Stadler looked behind him. They were watching quietly as he talked, listening to him with an almost latent curiosity — some sort of echo from deep within. They hung on his words and cocked their ears in the air. After he stopped and stared back at them, one by one, they tried to mimic his voice. Garbled sounds — some almost words. Like children barking to TV sets before they know how to speak. As they did this, Stadler walked slowly to his tent and grabbed his test kit. He dove the needle deep in his arm and drew blood. He deftly tucked the sample into the cold storage kit, and picked up a rock nearby. The revins quieted down now, watching Stadler as he backed closer to the intercom. Stadler’s team, hearing his shouts, came down to the observation window and pounded on the glass:
“Get out of there! Run!”
The revins came off the rock, walking slowly down to Stadler, who stood still by the intercom. It was as if Stadler wasn’t there. They weren’t afraid anymore. He was a mystery to them before, and now he wasn’t.
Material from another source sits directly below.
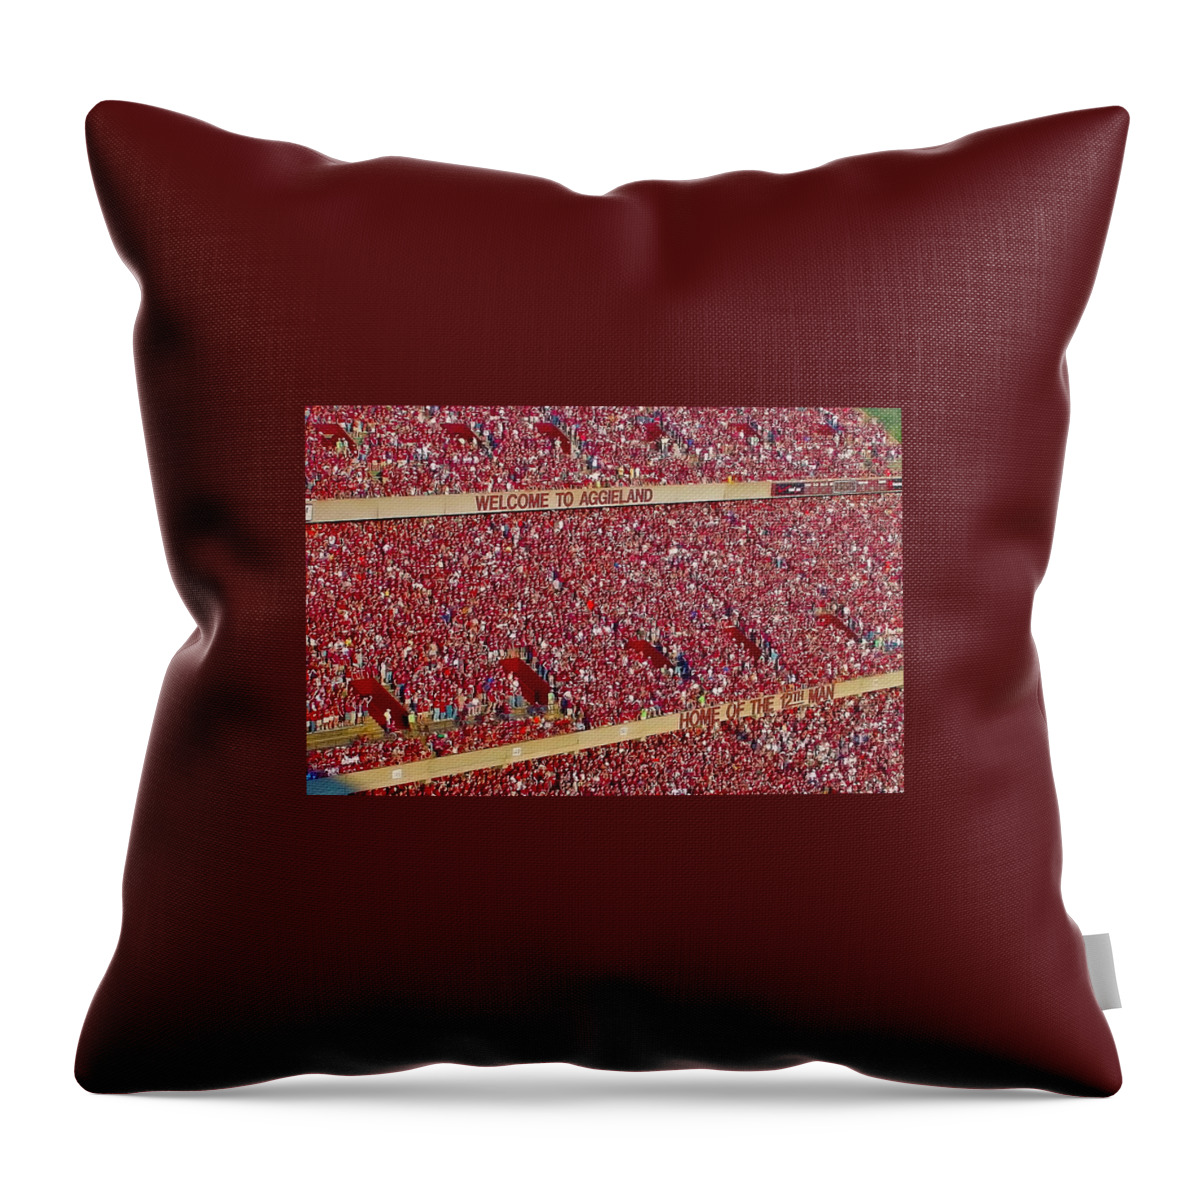 Texas A&m University Throw Pillow featuring the photograph The 12th Man by Gary Holmes

They went into his tent and pulled out his food and water. One revin held some beets aloft and cackled. Then pandemonium. They beat and pummeled each other, scratching and gouging. Stadler just stood, petrified, as this violence broke out in front of him. They consumed his whole stash, ignoring the cold storage locker. When they were done, they sniffed around Stadler. His team watched. He tried talking again. They were entranced by that earlier, but no longer. They were annoyed now. One pushed him into the glass. Another walked up and looked at him in the eyes. This one, a male, had on a t-shirt, and nothing else. Its genitalia was bloody. Sallow skin, as if drained of blood. Half its scalp was pulled back off its cranium, hanging by a long flap, and a fresh scar split across its brow. This one went up to Stadler and plunged its arm down deep in his throat. Stadler screamed a muffled plea, a revin’s arm deep in his esophagus. It punched Stadler in the stomach and Erwin fell to the floor, gasping. Stadler began to vomit and was choking on his own bile — the revin intent on pulling anything out of Stadler’s stomach that he may have just eaten. A whirled gulp and hocking. The revins whooped and pounced on Stadler, who fell over, frothing. Stadler’s team watched in horror, standing behind the glass, as he was quartered. He reached an arm out to motion to them as the nails and teeth closed in on all sides. Soon, he was a mess of red stained cloth whipping into the air. The revins consumed him.